======== RECORDED DATA

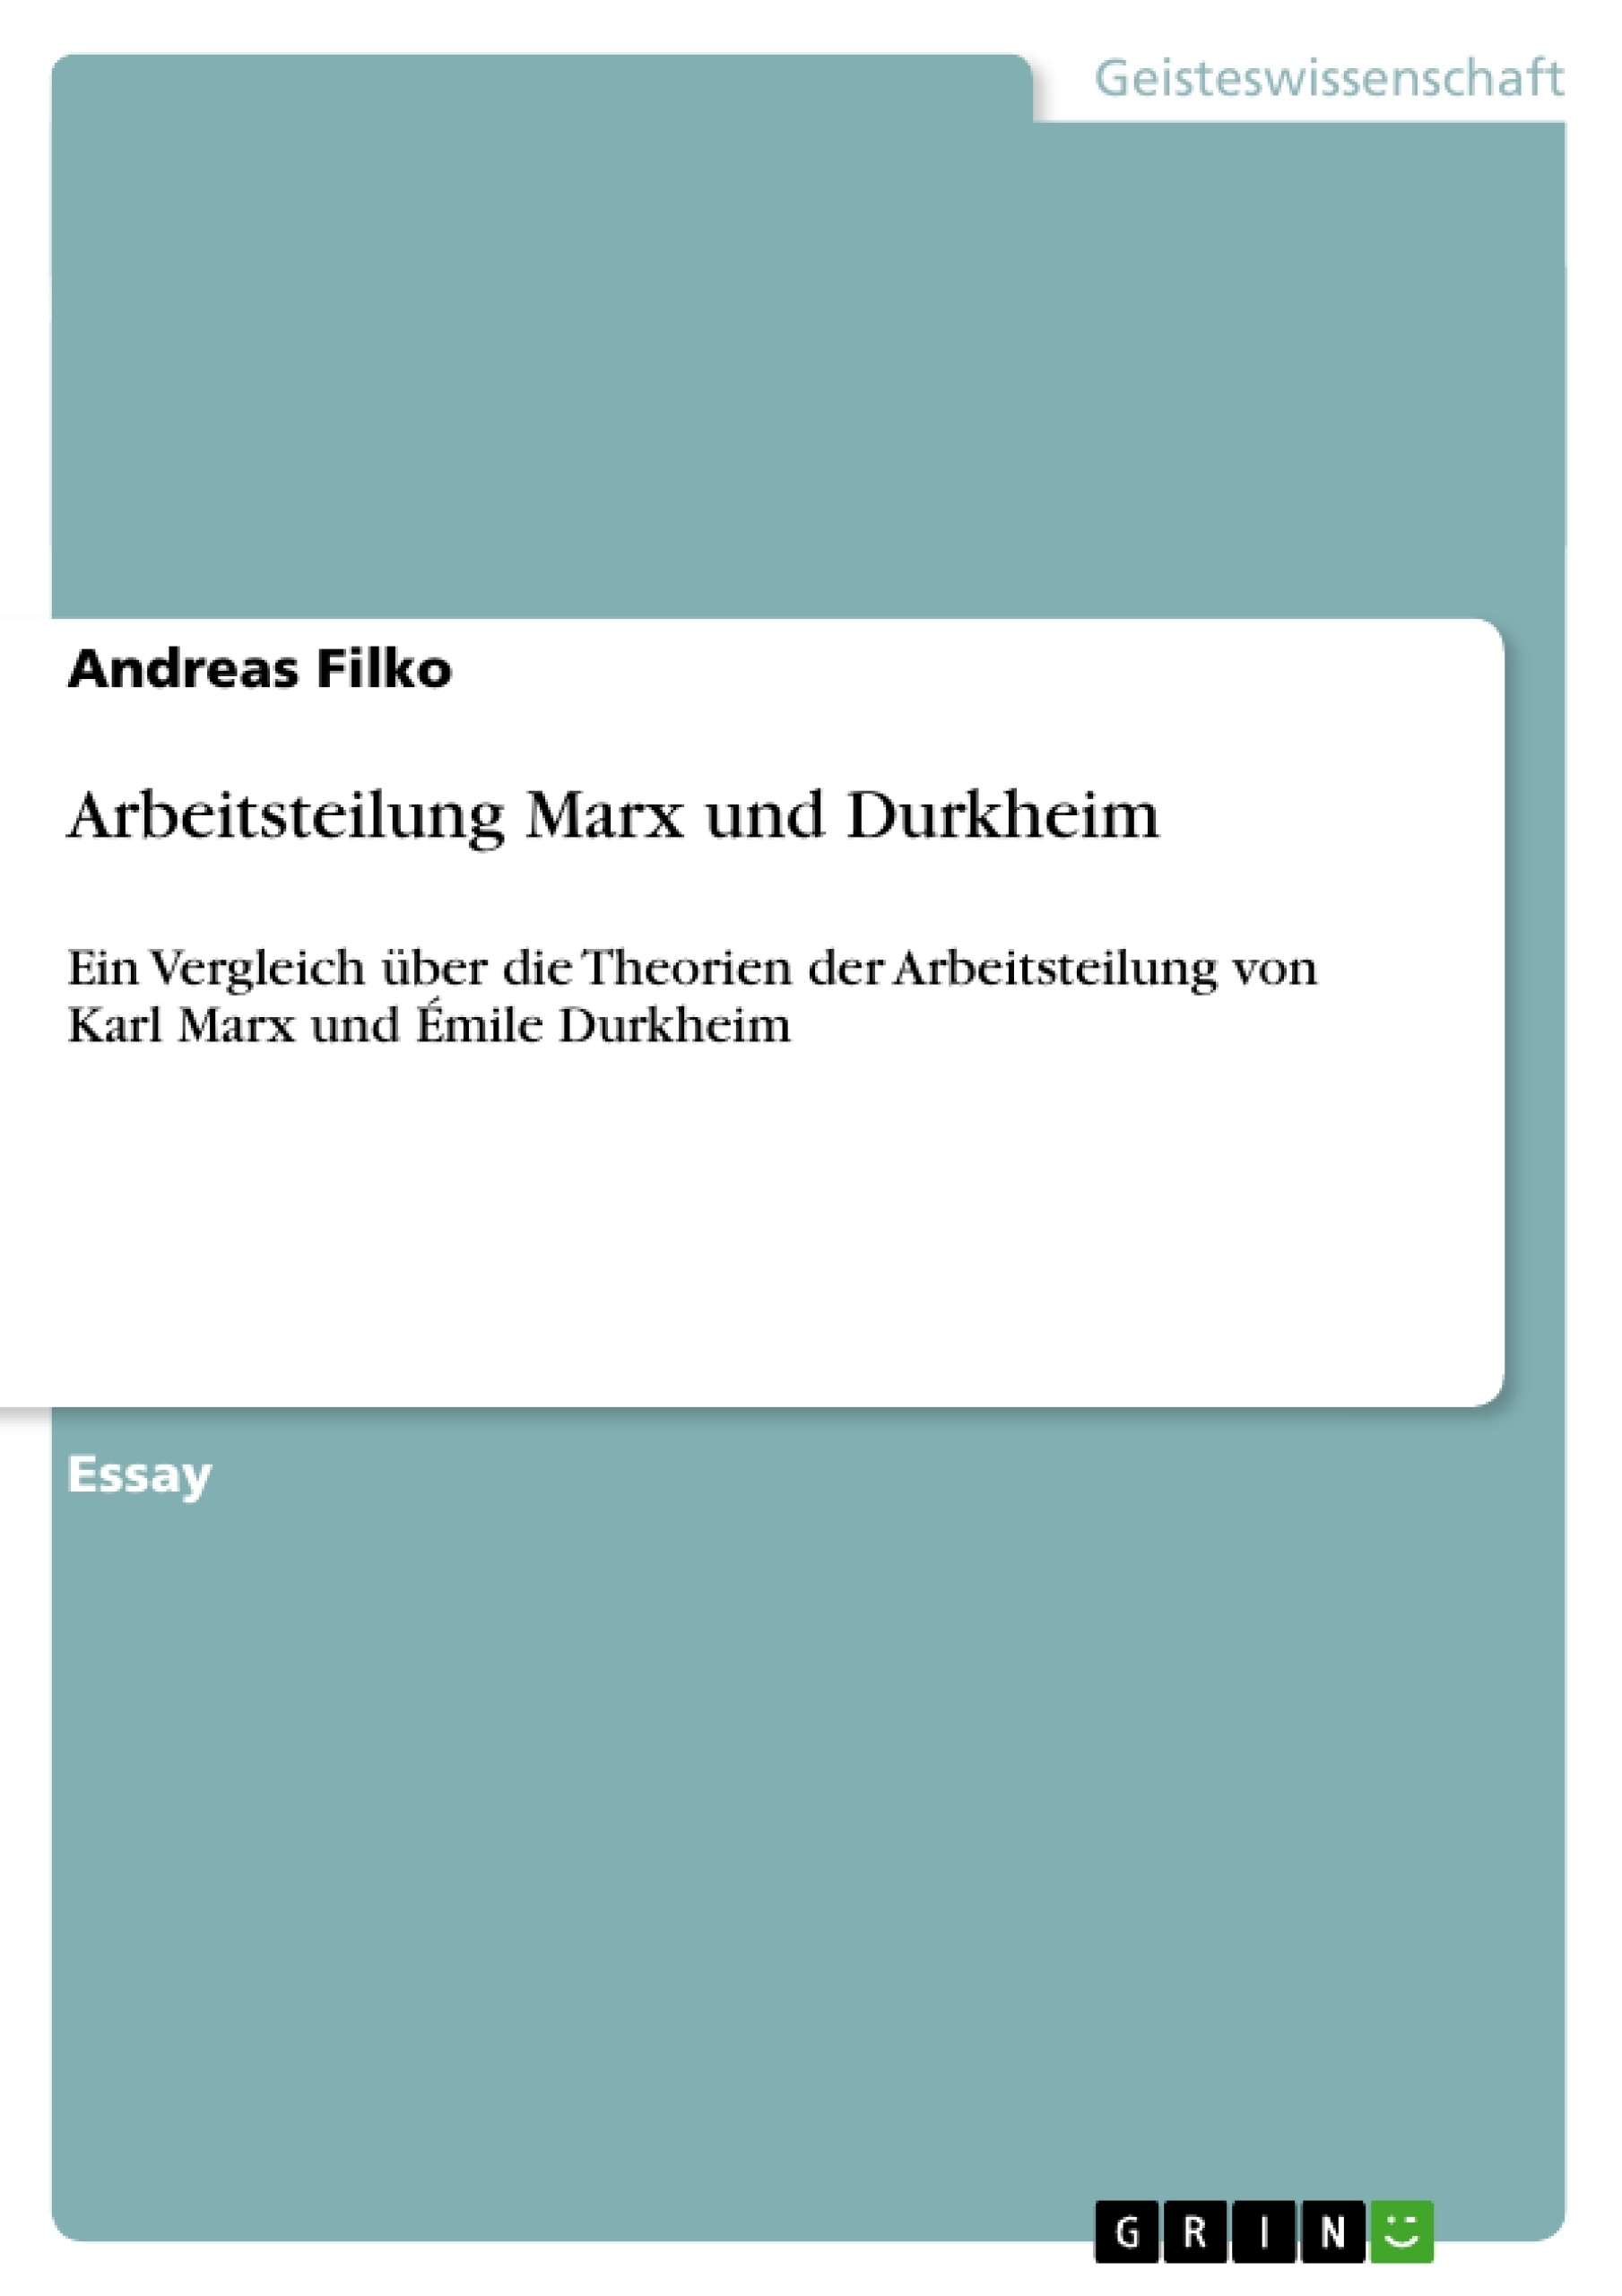 Titel: Arbeitsteilung Marx und Durkheim
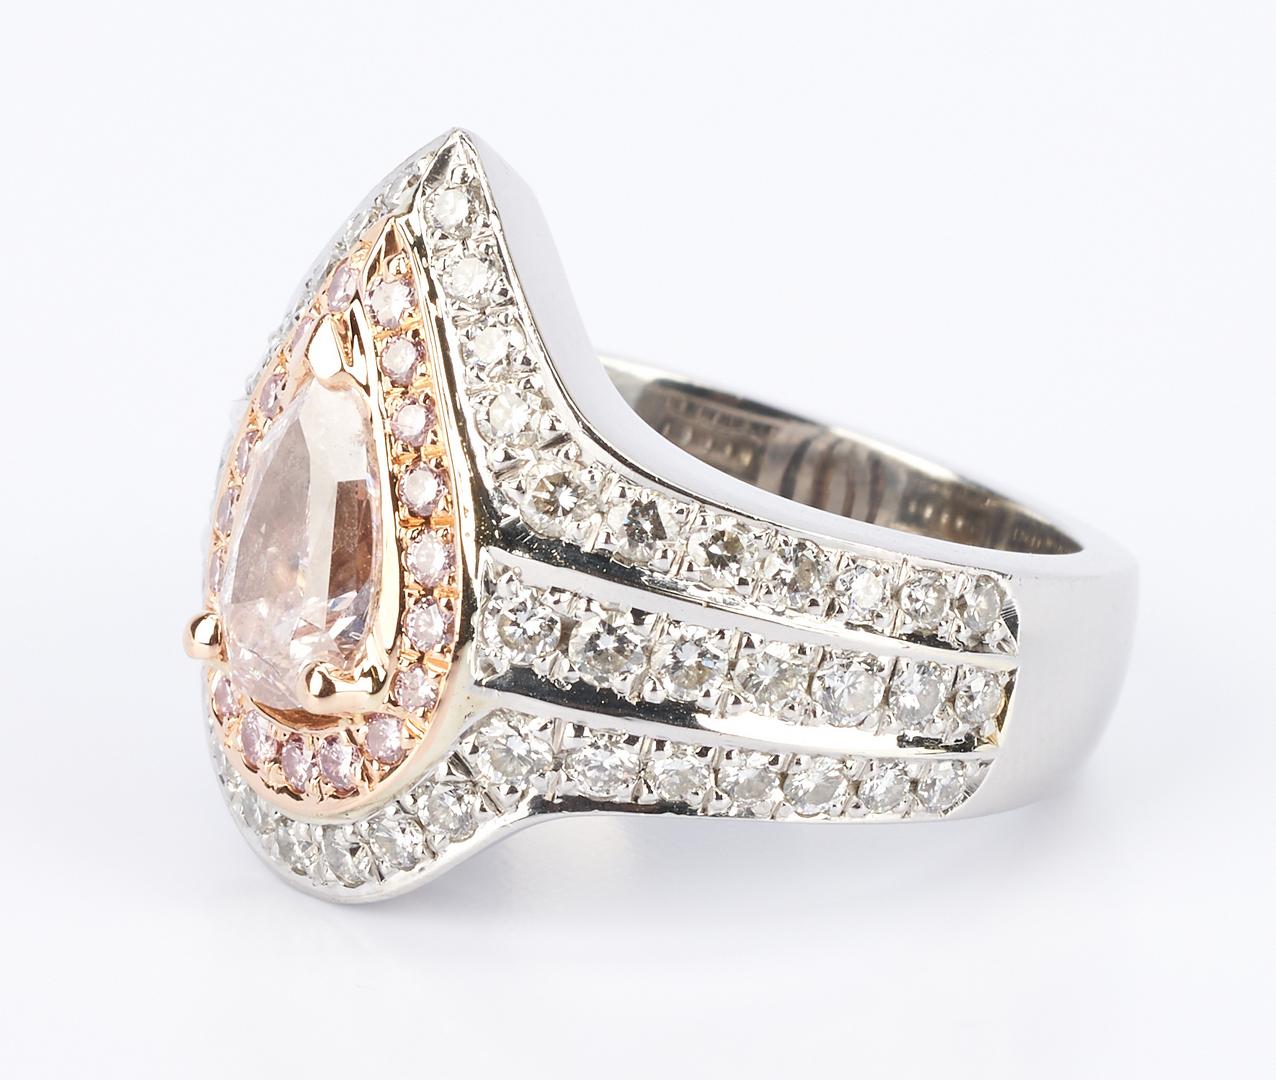 Lot 36: Ladies Platinum and Rose Gold Diamond Ring
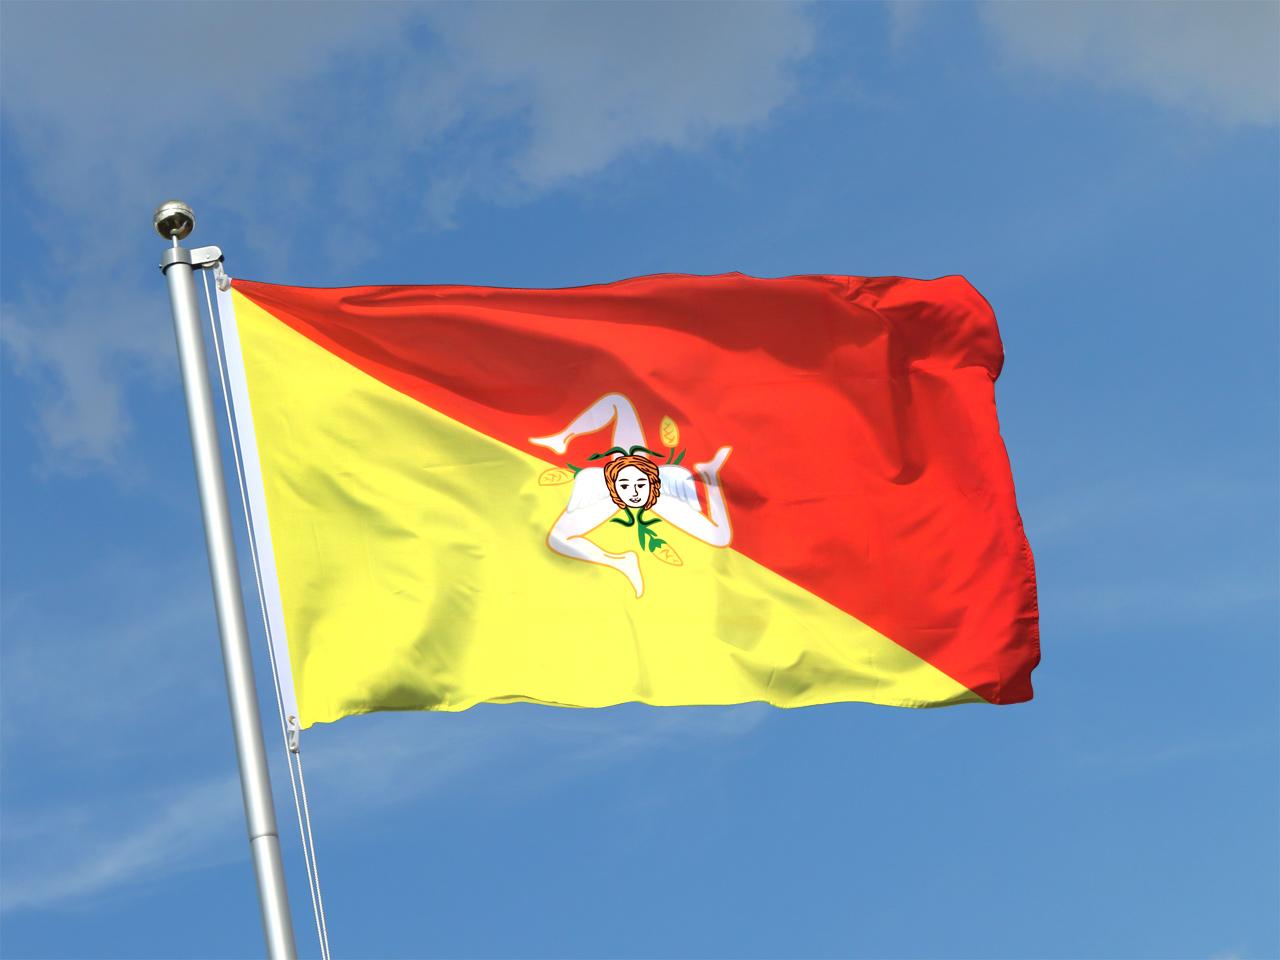 Buy italy sicily flag 3x5 ft 90x150 cm royal flags

================

- **EXERCISE REQUIREMENTS**
Give back the whole listing exactly as it stands. No pictures belong in the copy.

- **WRITTEN SOLUTION**
 Titel: Arbeitsteilung Marx und Durkheim
 Lot 36: Ladies Platinum and Rose Gold Diamond Ring
 Buy italy sicily flag 3x5 ft 90x150 cm royal flags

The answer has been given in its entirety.